GIVEN MATERIAL:
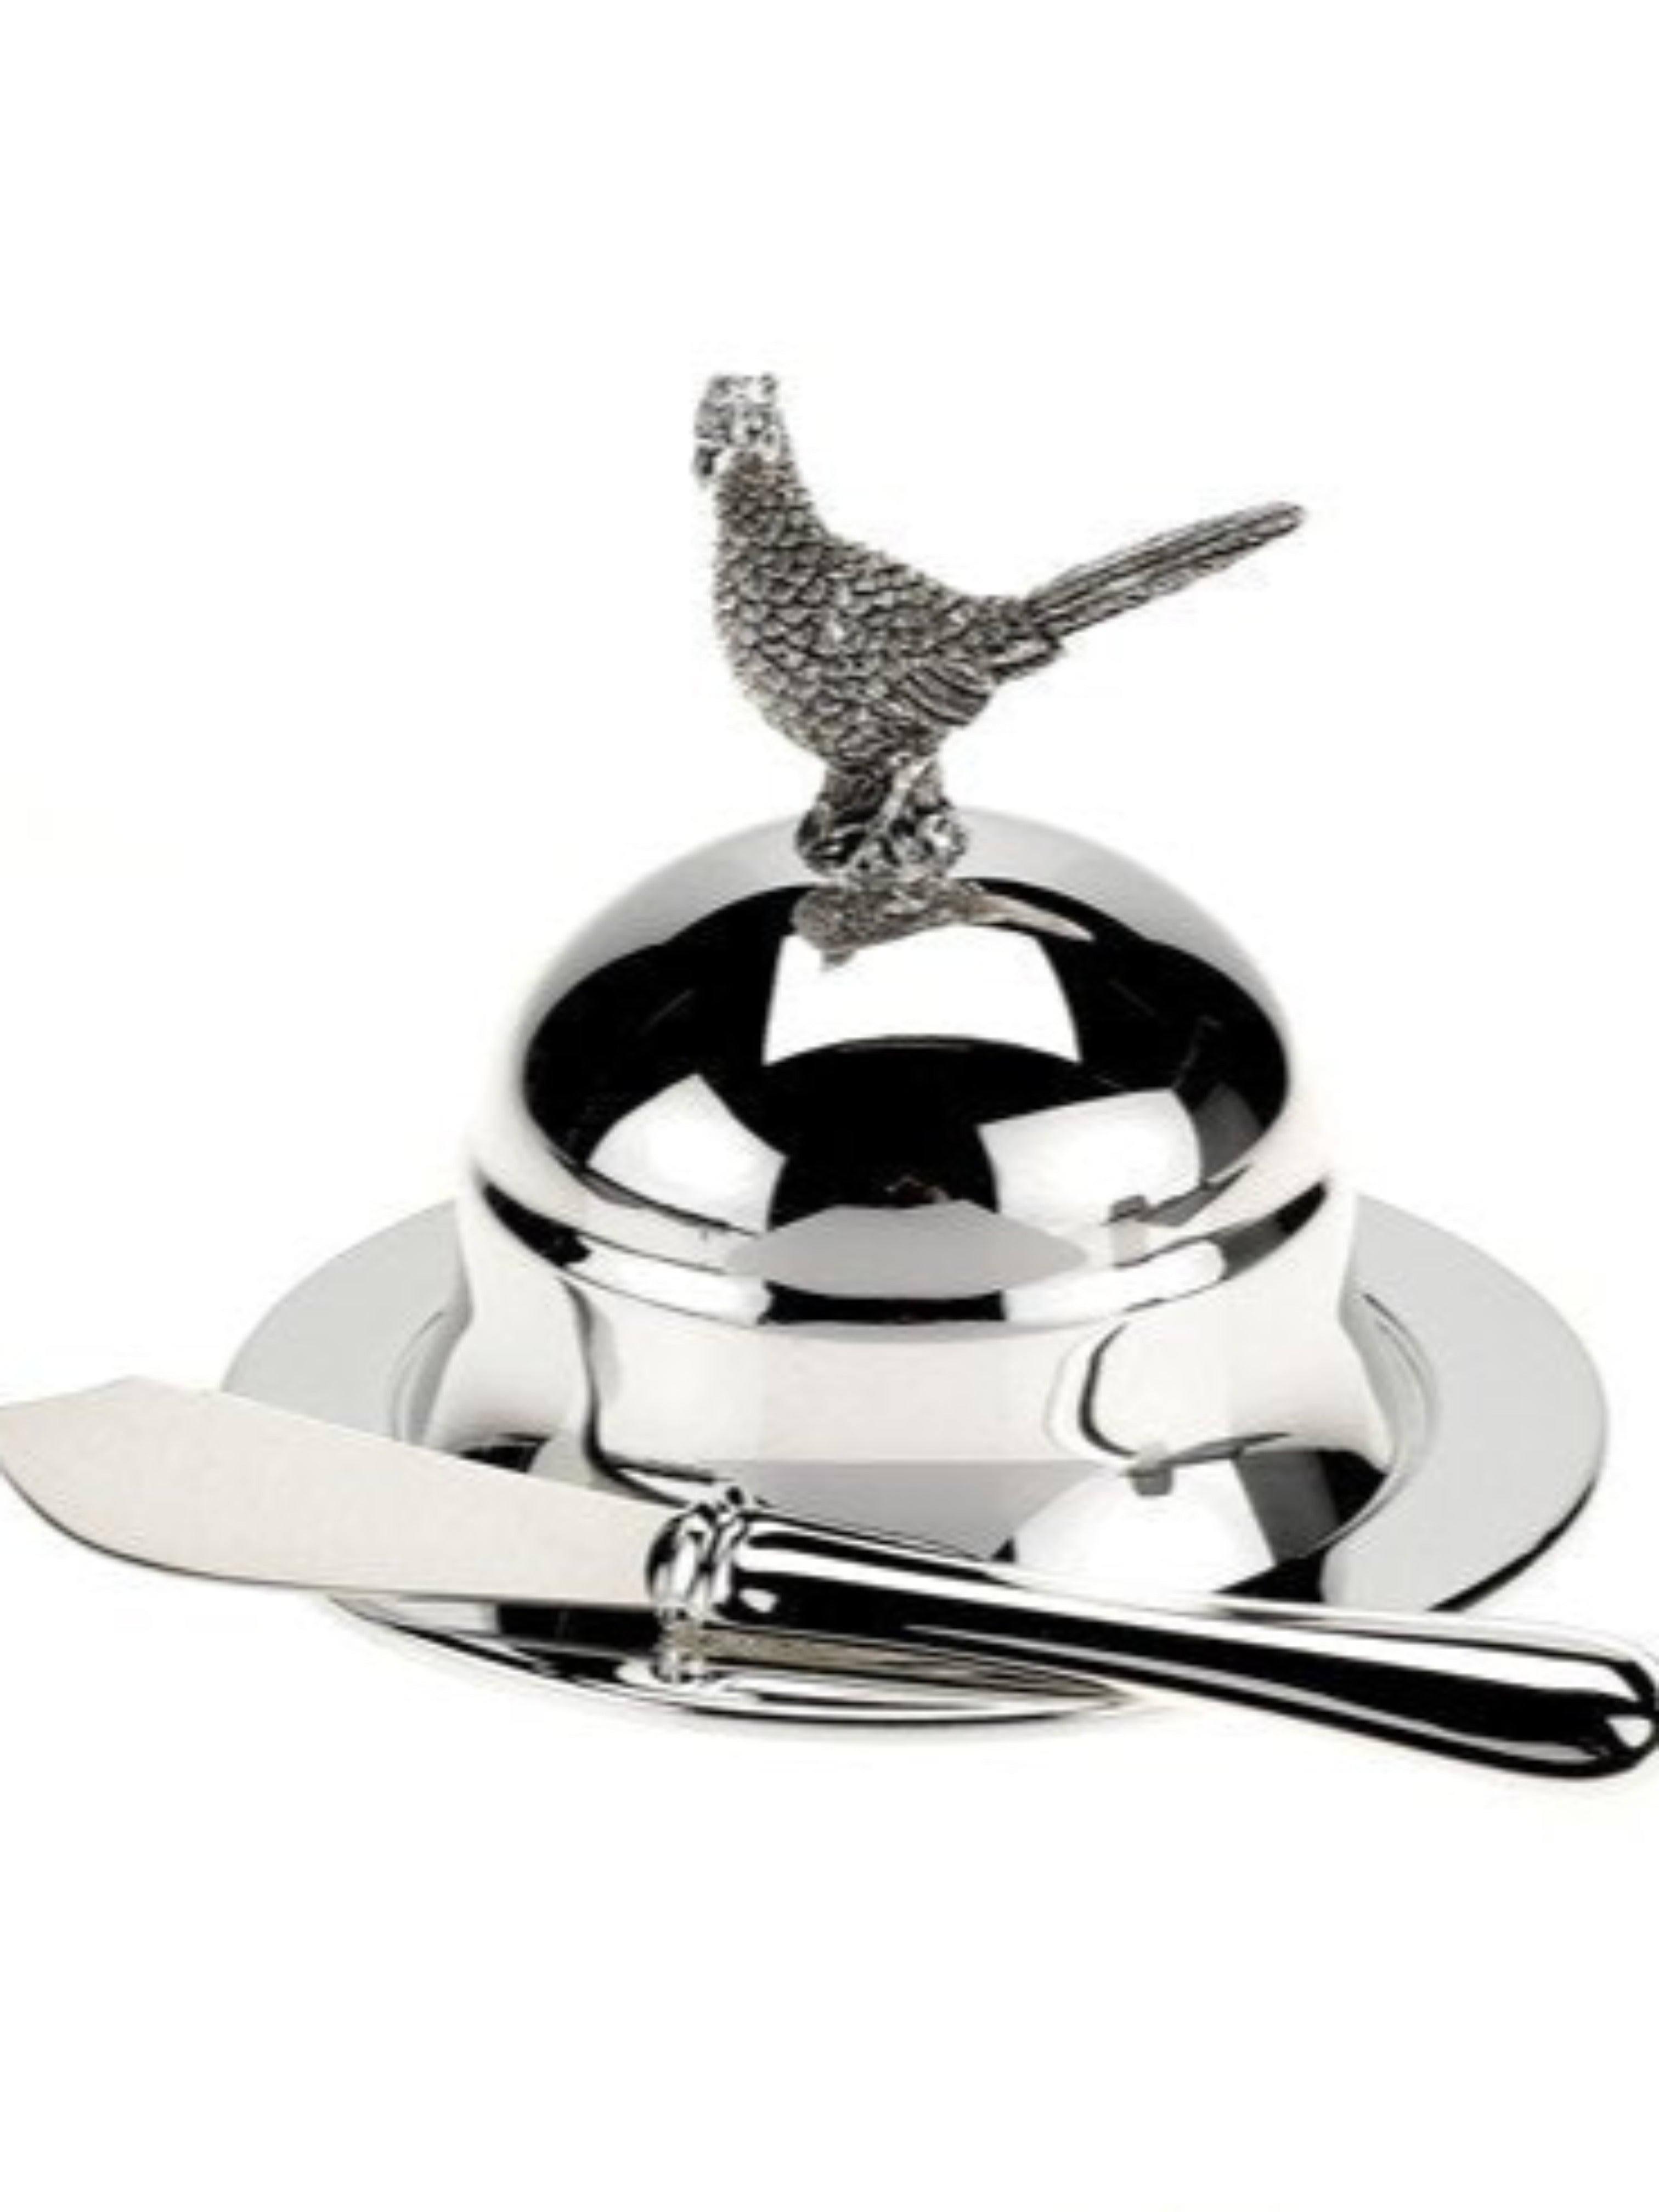 Pheasant Round Butter Dish and Spreader
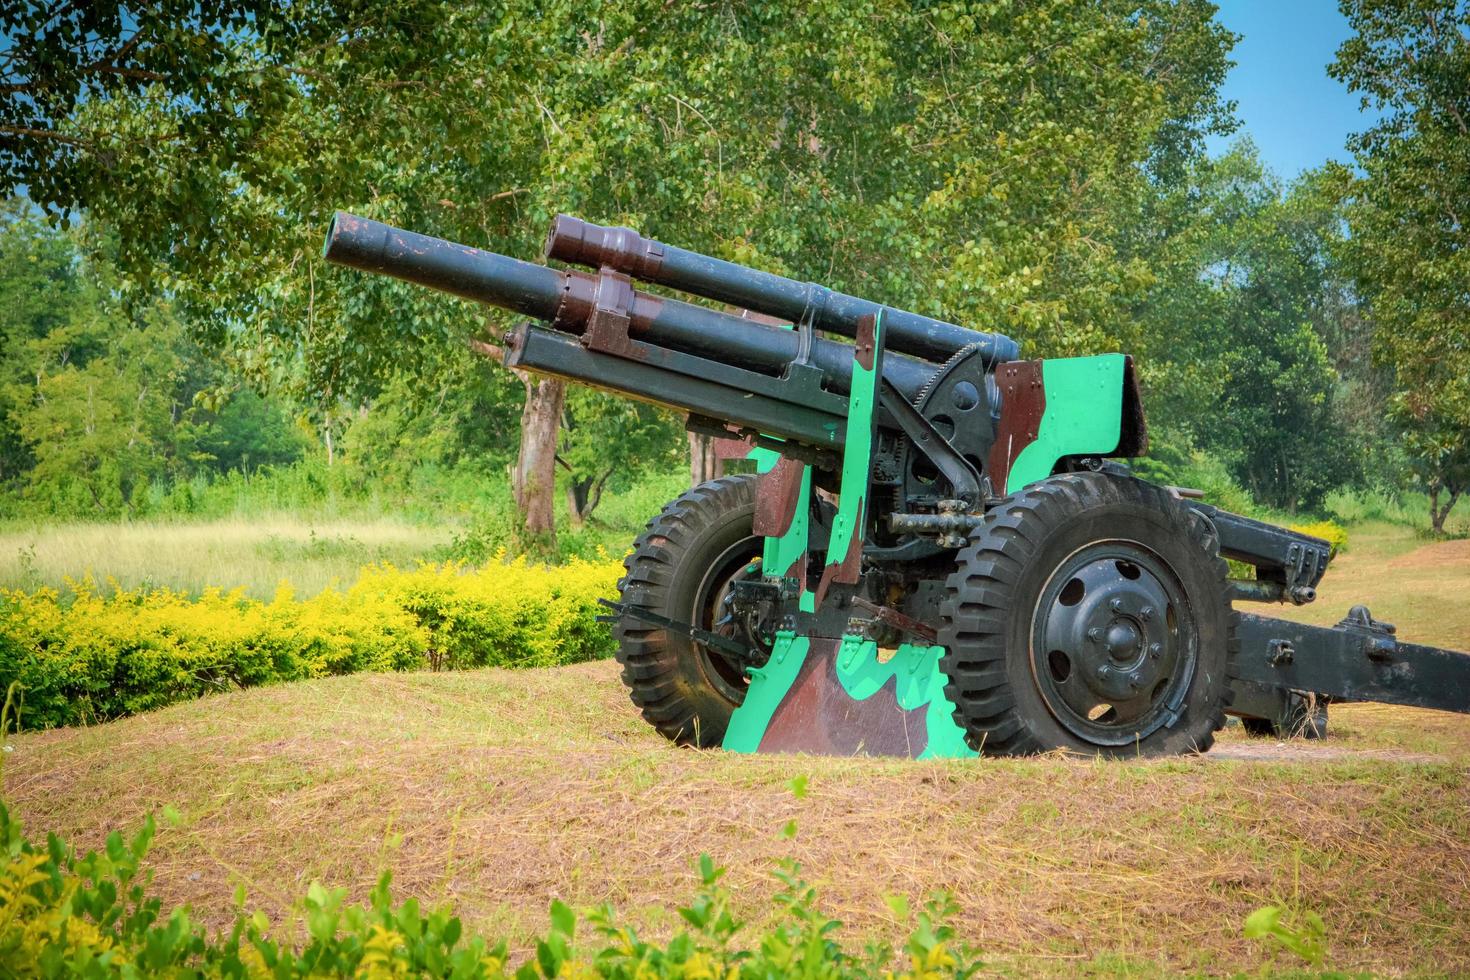 Old artillery cannon gun camouflage pattern ordnance for soldier warrior in the world war in the park photo
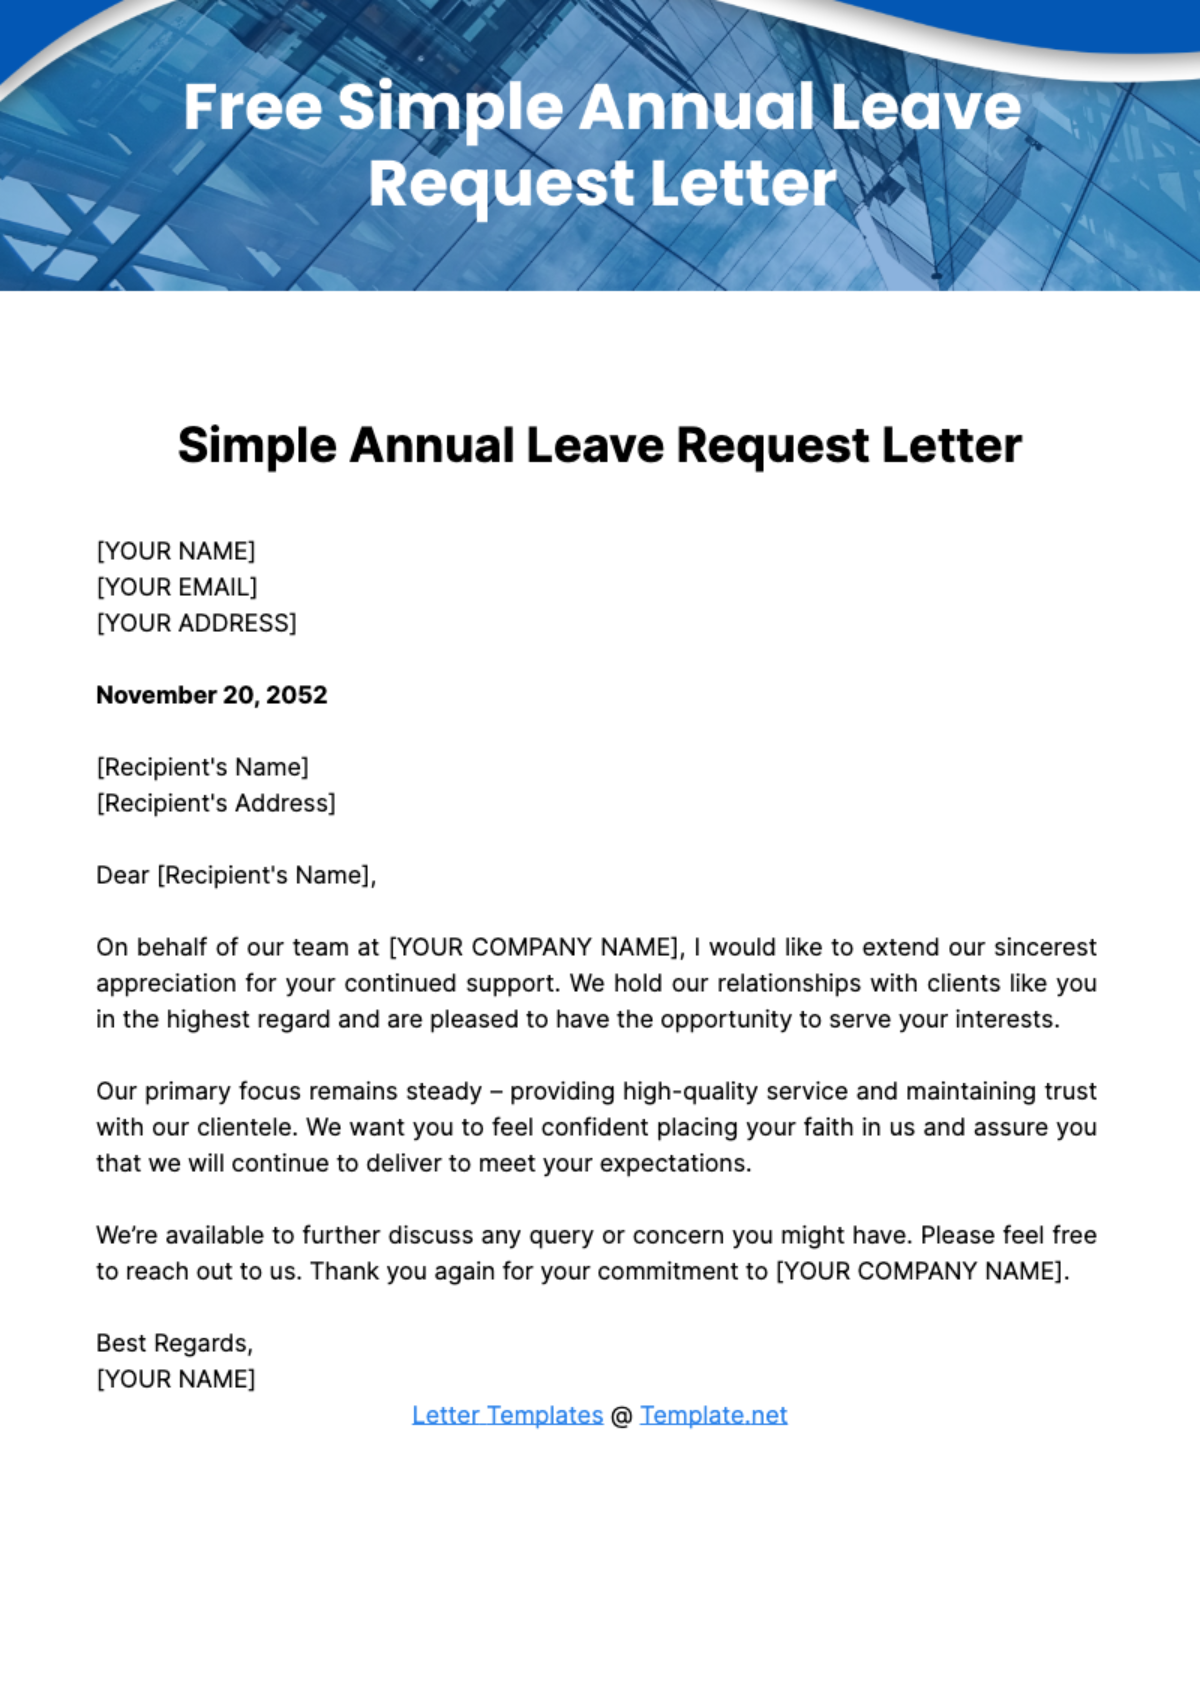 Free Simple Annual Leave Request Letter Template

EXERCISE INSTRUCTIONS: Take the material above and set it down exactly, minus the images.

ANSWER BOX:
 Pheasant Round Butter Dish and Spreader
 Old artillery cannon gun camouflage pattern ordnance for soldier warrior in the world war in the park photo
 Free Simple Annual Leave Request Letter Template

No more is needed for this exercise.